I would tend to agree. I know of a few working kennels and have seen a few ABs working in bite work that seemed to impress the agitators, and at least two that I would put money down could have titled in sportwork. That is all speculative, however I am a little higher on the breed than Jeff.



> The Bandog/Mastif thing is 99% Hype.


Sure. However, the 1% that isn't seems pretty impressive. Brandon Wilson's SchH III Boerboel, while obviously a quite rare exception, should provide some catalyst for BB people to strive for something more. The few Bandogs titling in FR, Mondio, SchH, or PSA, even if low-level stuff, should demonstrate at least the ability for these dogs to do so. Same with the Presa, Cane Corso, and a few other Mastiff/Bandog types. So it seems obvious the potential is there, in at least the good ones. It would be nice to see something come out of all that.



> As for your information, you need to check the facts for yourself, Don't believe everything you hear and read on the WWW.


True. I do like to go check stuff out. Unfortunately, the only close working Mastiffs around here are Red Star, who seem fairly well proven. The few Bandogs & Mastiffs I have heard good things about that I believe are generally from trainers that I have talked to that say yeah or nay and have credentials to back those opinions up. Not ideal, but and you're right, but it is what it is. ABs are here aplenty, and the breeders I have seen I think are very good, however there are also other breeders in the area that are apparently not-so-hot.

-Cheers


----------



## andreas broqvist (Jun 2, 2009)

What bulldogs need. That aint dificult 
First of they nead to muture quicer AND nead to be quicer lerners. Thats my first problem with MY dogs. I do not compare them to other bulldogs but to GSD and Mals and my biggest problem is that it takes WAY to long time to lern them the same stuff as the working breeds. When we start to get that and som nerv issus out of the way we have realy nce dogs


----------



## Jeff Oehlsen (Apr 7, 2006)

Quote: Sure. However, the 1% that isn't seems pretty impressive. Brandon Wilson's SchH III Boerboel, while obviously a quite rare exception, should provide some catalyst for BB people to strive for something more. The few Bandogs titling in FR, Mondio, SchH, or PSA, even if low-level stuff, should demonstrate at least the ability for these dogs to do so. Same with the Presa, Cane Corso, and a few other Mastiff/Bandog types. So it seems obvious the potential is there, in at least the good ones. It would be nice to see something come out of all that.

THe first part I will address is why would a breeder strive for something more ?? There is no money in it, so what would be the point ?? It is not like there is no market for these couch potatoes.

The low level stuff is poorly done as well.

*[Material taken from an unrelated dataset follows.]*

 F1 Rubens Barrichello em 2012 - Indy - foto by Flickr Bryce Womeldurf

These dogs melt under the control needed at the higher levels. It would be nice to see one go all the way, but again, it would be this tiny tiny percentage of the population, and the odds of THAT dog getting an owner that can take him to the ring three in MR or FR is astronomical.

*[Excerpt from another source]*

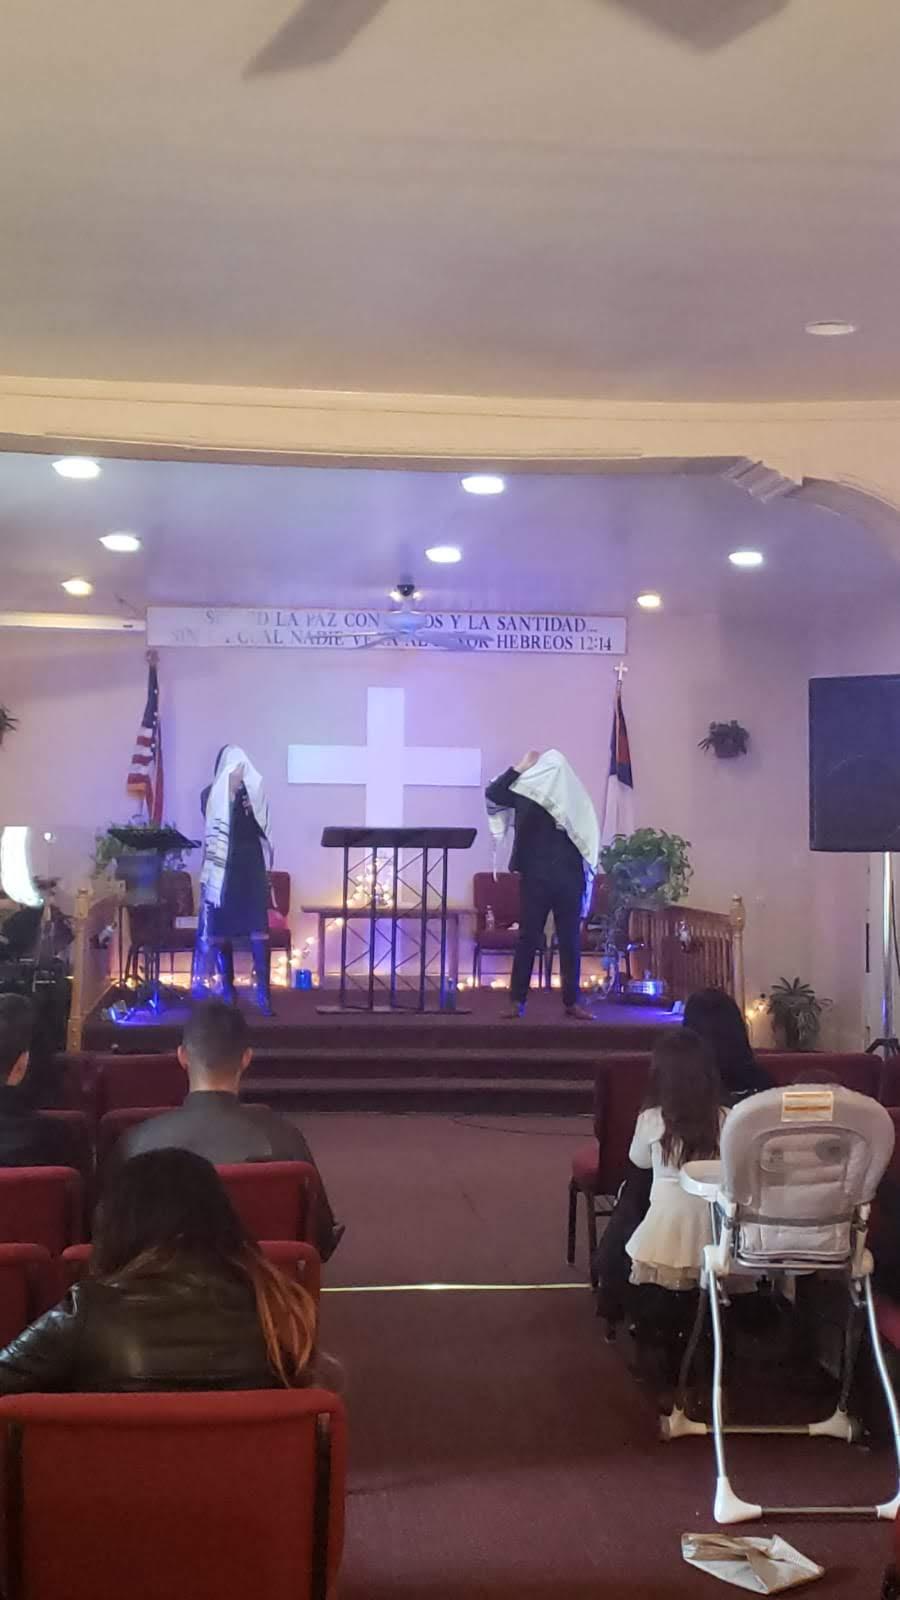 First Christian Church of The Good Shepherd/Primera Iglesia Cris - church  | Photo 9 of 10 | Address: 79 Main St, Haverstraw, NY 10927, USA | Phone: (845) 942-8631

More than likely, that dog will be in a regular home, and the odds are against him even being bred.

As far as breeding, the few and far between that do get these titles are not out there producing much. Not as far as I can see. The owners went out and titled the dog and there you have it, a nice marketing scheme.

Sch is a goof title at the club level. I can't even watch dogs that almost cur out get pronounced at the critique. Forget about the OB or the tracking. 

Dumbing down a sport is a national pastime here. It is all over the place. If a dog gets a gimme title so that people can feel good about themselves, then what good is the title ??

The whole ****ing point of the 3 is that NOT EVERY DOG should get it. I would like to get my dog to 3. He is more than capable, and can do extrordinary work. Will he when it is time to trial ?? (odds are not good)

The thing that I would (in a perfect world) is get all the bullshitters in the mastiff/bulldog breeds to shut the **** up and title their dogs. Enough of this PPD crap. 

It is hard enough just to do the sports, ALL of them, and then to sit and listen to the bandog/bulldog/ whatever people to say that sport is not REAL or some shit like that gets old. I could write a book with all the different times I have pointed this out. It is real, it IS hard, mostly logistically, and then there is the burden of owning a bulldog/bandog/whatever. These dogs on the whole are just shitters when it comes to sport. I think they are good pets, but what do I know. Maybe they are not even good pets. LOL They smell funny.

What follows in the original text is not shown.